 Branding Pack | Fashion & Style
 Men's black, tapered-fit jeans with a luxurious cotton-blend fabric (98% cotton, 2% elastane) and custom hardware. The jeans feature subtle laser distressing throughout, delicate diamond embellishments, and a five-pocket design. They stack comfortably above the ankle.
* * *
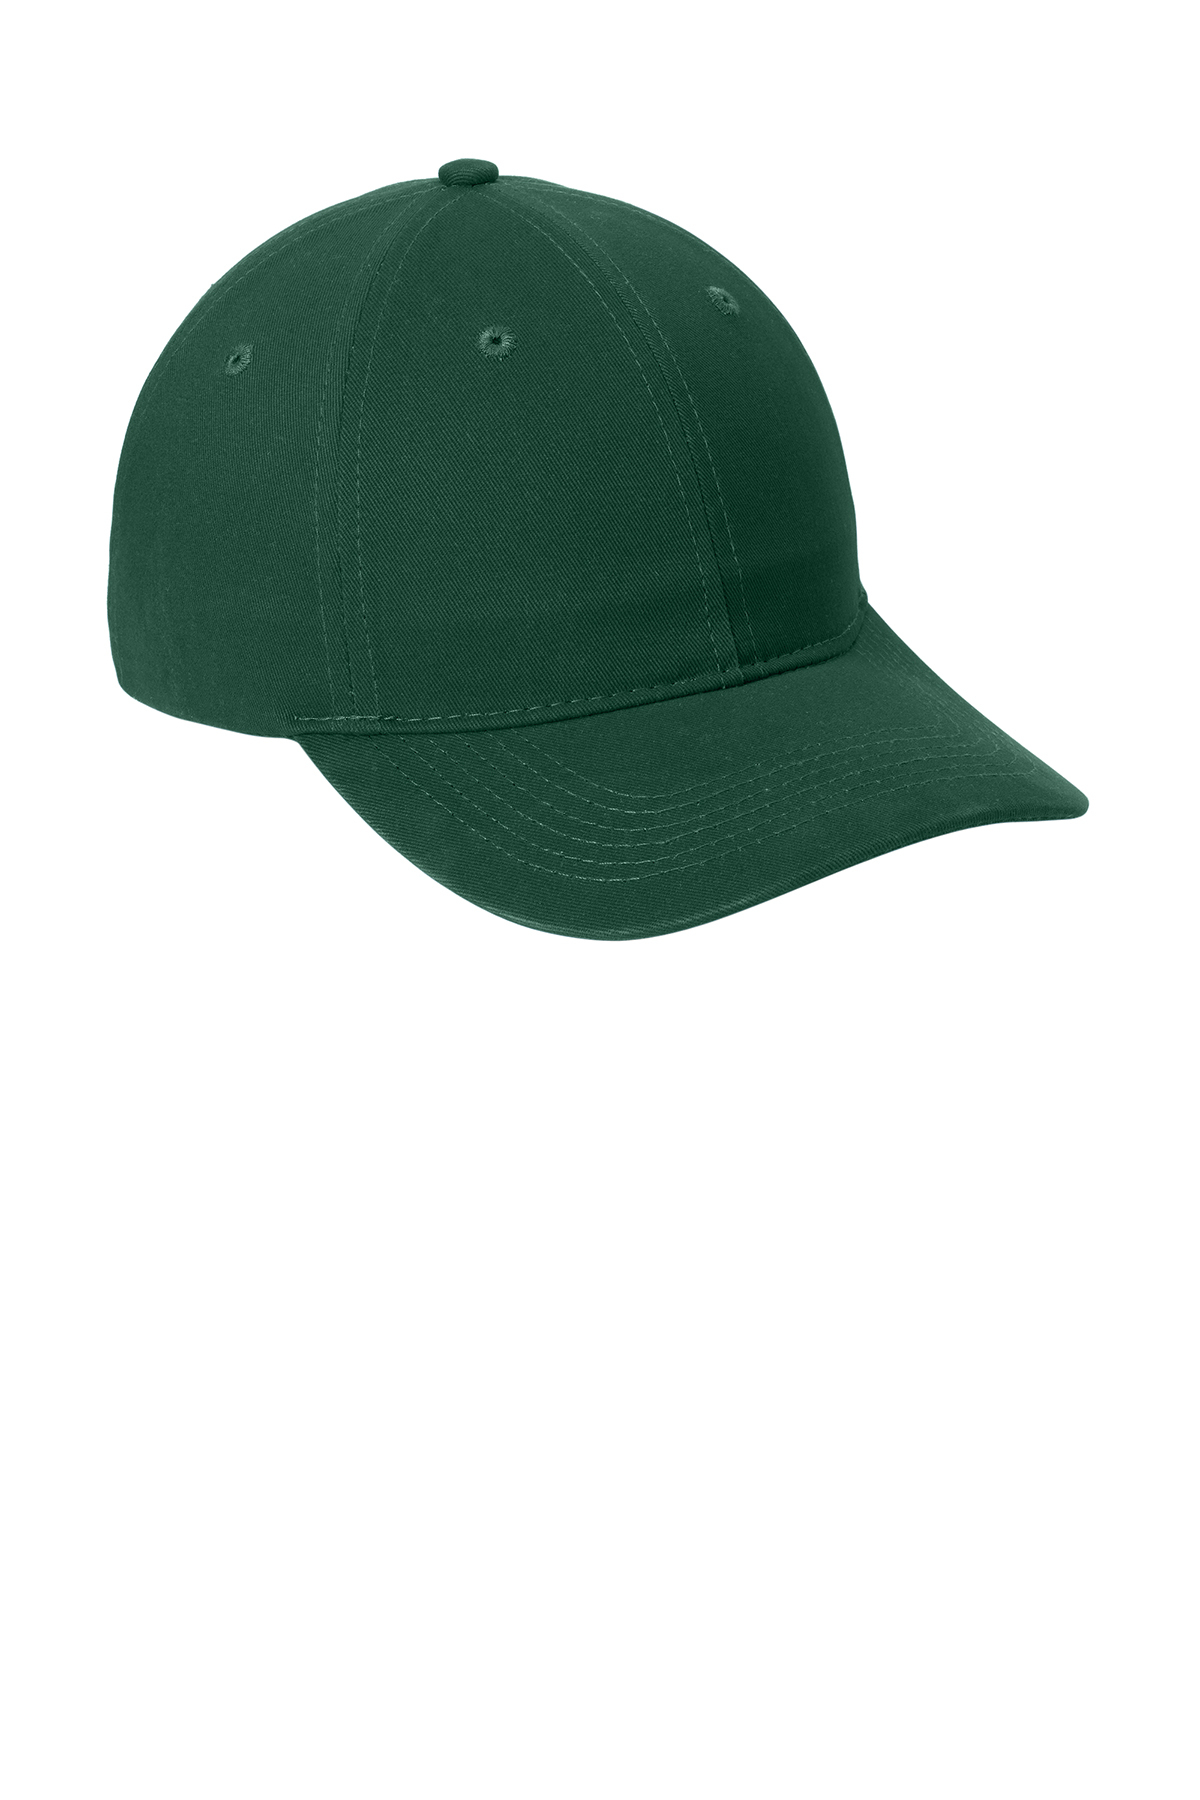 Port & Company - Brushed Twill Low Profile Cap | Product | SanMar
...
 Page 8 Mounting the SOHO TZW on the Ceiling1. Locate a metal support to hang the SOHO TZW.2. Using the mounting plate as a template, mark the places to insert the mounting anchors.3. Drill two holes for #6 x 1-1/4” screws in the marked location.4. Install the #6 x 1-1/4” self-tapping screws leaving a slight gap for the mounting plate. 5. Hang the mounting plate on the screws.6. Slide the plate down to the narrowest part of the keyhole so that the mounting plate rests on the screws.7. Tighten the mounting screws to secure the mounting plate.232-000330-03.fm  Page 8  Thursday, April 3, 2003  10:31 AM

▶ _Work instruction_
Start with the line above that contains "Branding Pack | Fashion & Style" and stop after the line that contains "Men's black, tapered-fit". Output those lines exactly, and only those.

▶ _Solution_
 Branding Pack | Fashion & Style
 Men's black, tapered-fit jeans with a luxurious cotton-blend fabric (98% cotton, 2% elastane) and custom hardware. The jeans feature subtle laser distressing throughout, delicate diamond embellishments, and a five-pocket design. They stack comfortably above the ankle.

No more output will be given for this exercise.